中国媒体博克



Restricting the foreign press

媒体来源: ChinaMediaBlog.com
2008-06-18

With the Olympics barely seven weeks off, China is apparently hoping that no one will notice it isn’t fully keeping its pledge to open up the country to the foreign media during the Games.

Wednesday offered a good example of the kind of controls China still places on reporters.

The Olympic torch made its tour during the morning through Kashgar, the Silk Road outpost in the troubled Xinjiang region of far west China.
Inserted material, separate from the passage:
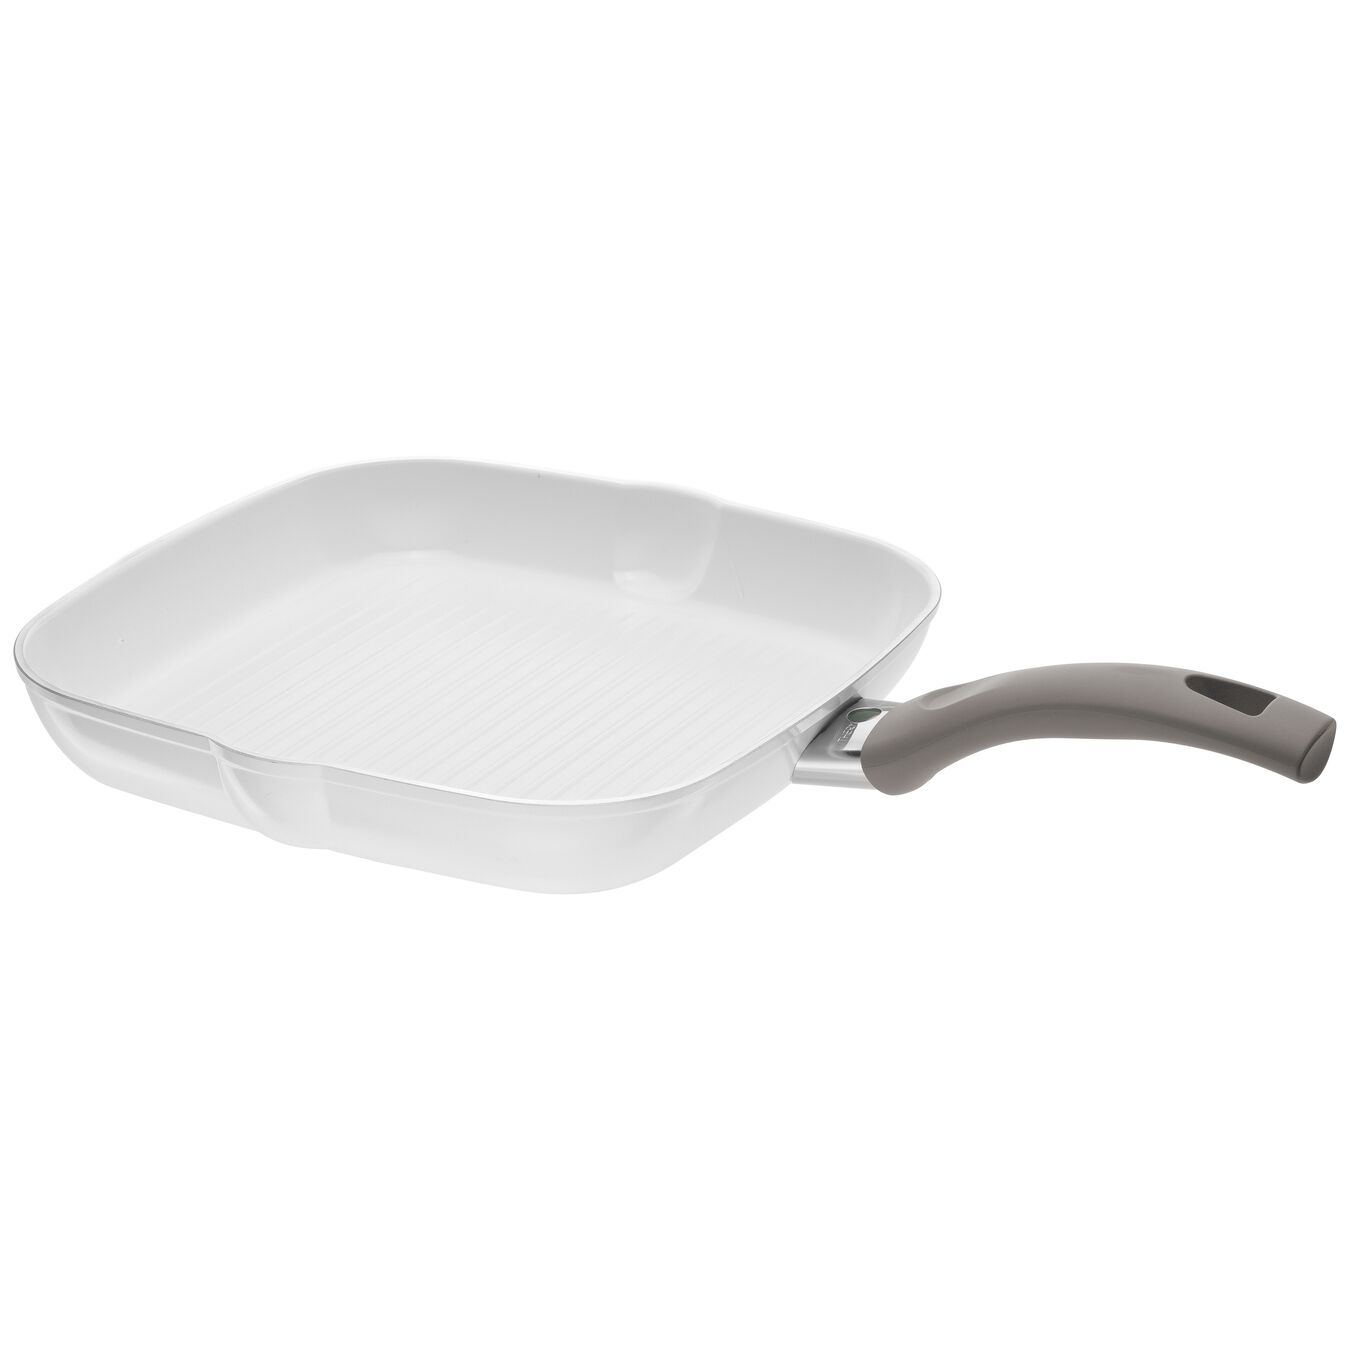 Grillpfanne 28 cm, Aluminium, Weiß,,large 1

Minders kept foreign reporters away from most of the relay route and barred them from speaking to ordinary citizens.

Here’s a tidbit from the Reuters story datelined from Kashgar:

Foreign reporters have been banned from talking to anyone watching the torch along its route, despite China pledging complete media freedom when it applied to host the Olympics, and are limited to a few stage-managed events.
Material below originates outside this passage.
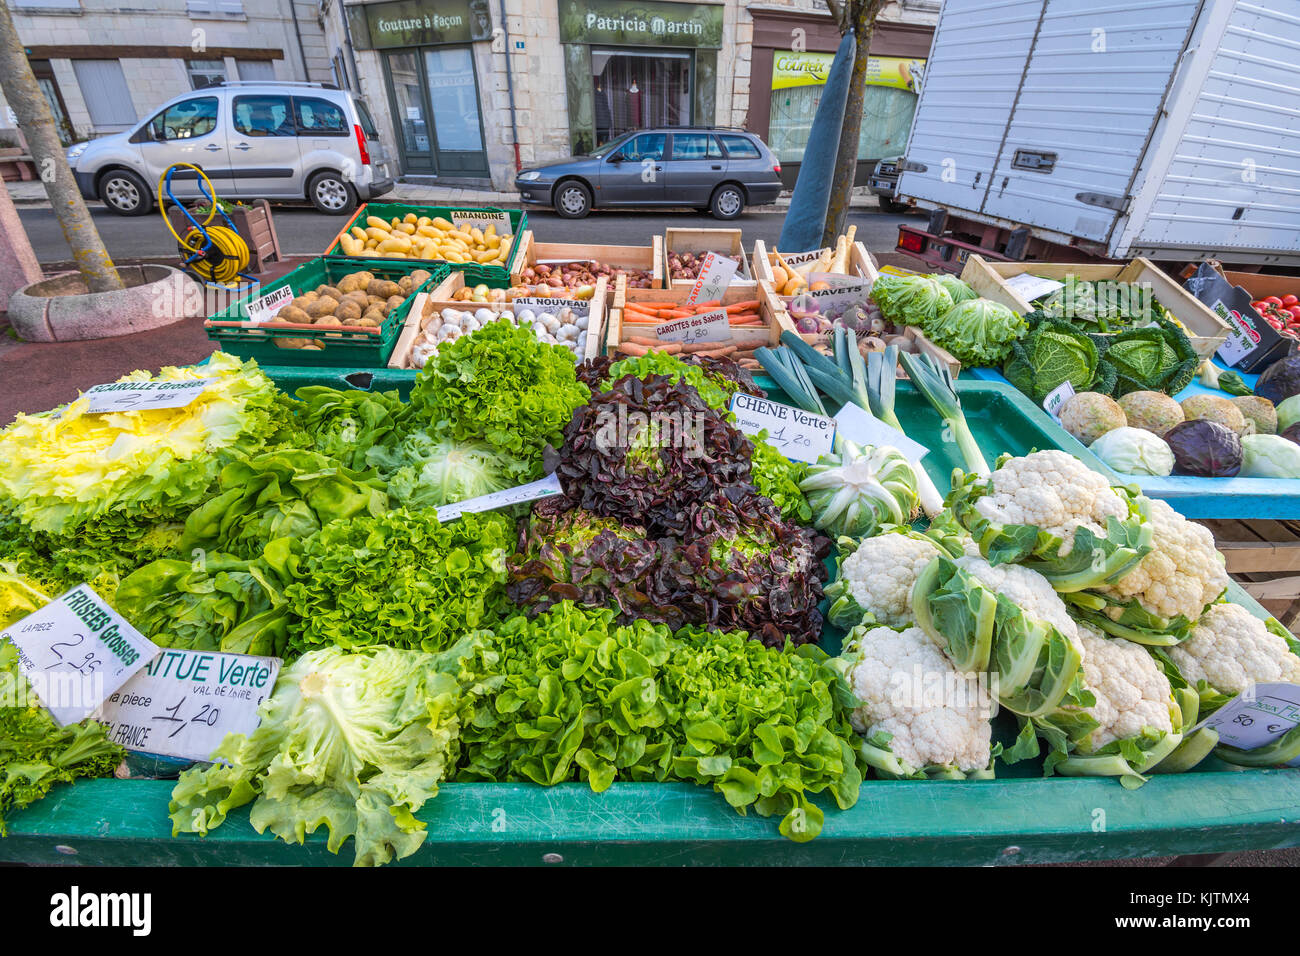 Lettuces foir sale at open-air market - France. - Stock Image

"Anybody can watch the torch, but if you come on your own or with your family, you'll have to watch it from afar and can't get up close," one sullen government official said.

The Associated Press story also made mention of the restrictions on foreign media:

Black-gloved security agents jogged alongside the torch as it wound through the streets of Kashgar, an ancient Silk Road city near the borders with Central Asia, Afghanistan and Pakistan. Foreign journalists were not allowed along the route, where cheering bystanders shouted "Go China!" under sunny skies.

Later in the same story, the AP journalist noted the following:

Xinjiang officials accompanied foreign journalists on a bus to the relay and did not allow them to wander from the group. After the start of the event, the journalists were taken to the finish point _ a square dominated by a giant statue of Mao Zedong, a reminder of heavy-handed Communist Party rule over the region since People's Liberation Army forces entered in 1949.

A day earlier in Urumqi, Xinjiang residents were told to stay home and watch the torch relay on TV. That’s probably what Chinese authorities also wish foreign reporters would do.